For $i = $iStart To $iUBoundSource - 1
        $avArrayTarget[$iUBoundTarget + $i] = $avArraySource[$i]
    Next

So O(n) again :P

Is there a way to do an insert function that inserts a value in order in O(log n) ?

PS: I know there's _ArraySort that sorts an array using the quicksort/insertionsort algorithms but reading wikipedia I saw that it is O(n log n)

Link to comment
Share on other sites

  • Replies 42
  • Created
  • Last Reply

Top Posters In This Topic

Top Posters In This Topic

If you are wanting to add just a few values to an already sorted list then I would

ReDim the array to accommodate the new values

Append the new values.

Use and Insertion Sort to put all the values back in order.

With a mostly already sorted list an Insertion Sort will be very close to O(n)

"Programming today is a race between software engineers striving to build bigger and better idiot-proof programs, and the universe trying to build bigger and better idiots. So far, the universe is winning."- Rick Cook

Link to comment
Share on other sites

Ok thanks for your answers! But I asked this because I have a script that I'm trying to optimize. Here is the idea of it:

While UBound($array) <> 0
        
      $element = $array[0]      
      _ArrayDelete($array,0)
      
      $array2 = _somefunction($element)
      
      
      If IsArray($array2) Then 
         For $i = 0 To Ubound($array2) - 1
             _ArraySearch($arrayofresults,$array2[$i]); search whether the element is already in $arrayofresults
             If @error = 6 Then ; if it isn't in $arrayofresults then add it to both arrays
                _ArrayAdd($arrayofresults,$array2[$i])
                _ArrayAdd($array,$array2[$i])
             EndIf
         Next
      EndIf
WEnd

Bowmore said to order the array so that I can use Binary Search so I would do that before the For loop:

While UBound($array) <> 0
        
      $element = $array[0]      
      _ArrayDelete($array,0)
      
      $array2 = _somefunction($element)
      
      
      If IsArray($array2) Then
         _ArraySort($arrayofresults) 
         For $i = 0 To Ubound($array2) - 1
             _ArrayBinarySearch($arrayofresults,$array2[$i]); search whether the element is already in $arrayofresults
             If @error = 3 Then ; if it isn't in $arrayofresults then add it to both arrays
                _ArrayAdd($arrayofresults,$array2[$i])
                _ArrayAdd($array,$array2[$i])
             EndIf
         Next
      EndIf
WEnd

Let's assume that all the arrays have n elements and I will analyze the execution time inside the while. -Also I'll take the execution time of the _somefunction($element) as O(1) . So in the first code I would have in the worst case:

For $i = 0 To Ubound($array2) - 1 --> O(n)

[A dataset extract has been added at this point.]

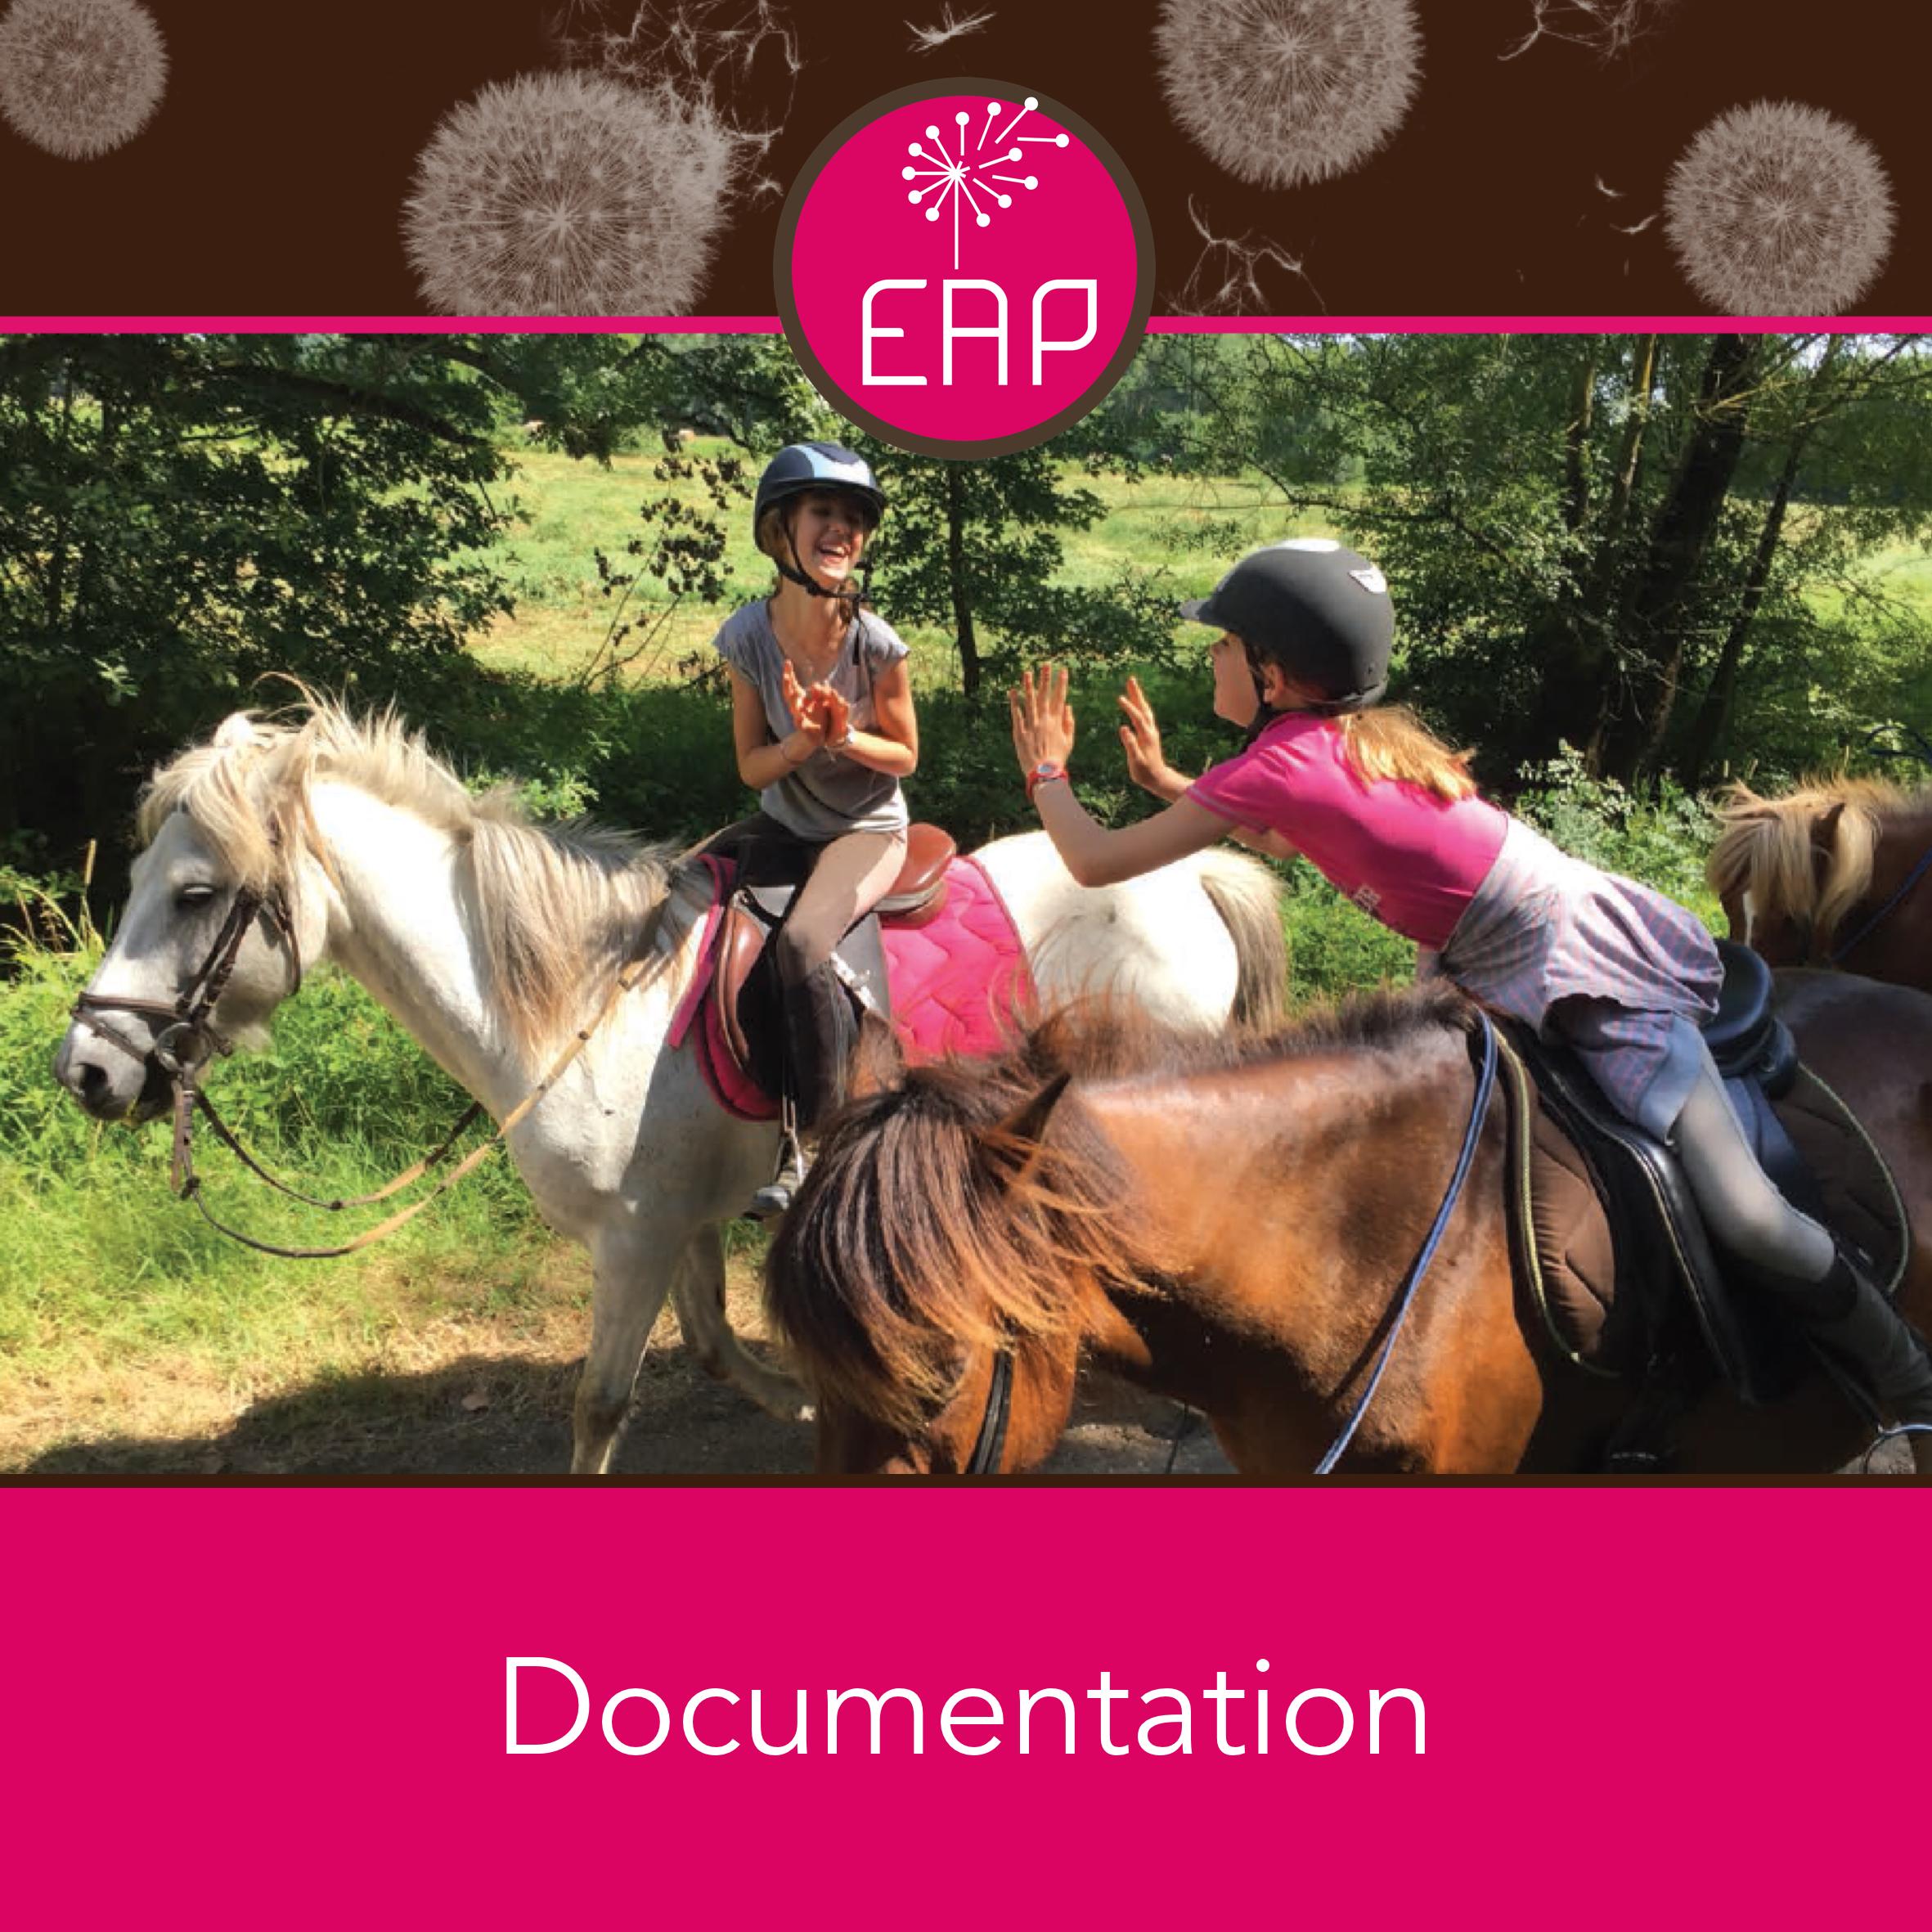 documentation-eap

_ArraySearch($arrayofresults,$array2[$i])--> O(n)

_ArrayAdd($arrayofresults,$array2[$i])--> O(n)

_ArrayAdd($array,$array2[$i])--> O(n)

So adding all the instructions inside the For loop and multiplying by its execution time would be 3n2 ie O(n2)

And in the second code, assuming what Bowmore said that in an already ordered array the execution time order to order it would be O(n) then

_ArraySort($arrayofresults)--> O(n)

For $i = 0 To Ubound($array2) - 1 --> O(n)

_ArrayBinarySearch($arrayofresults,$array2[$i])--> O(log n)

_ArrayAdd($arrayofresults,$array2[$i])--> O(n)

_ArrayAdd($array,$array2[$i])--> O(n)

n + n(log n + n + n) = n + nlogn + 2n2 --> O(n2) So it wouldn't make any difference, or I'm reasoning something wrong?

Finally if it's like this, how can I store new values checking before that they are not already inserted in O(n) < n2 ?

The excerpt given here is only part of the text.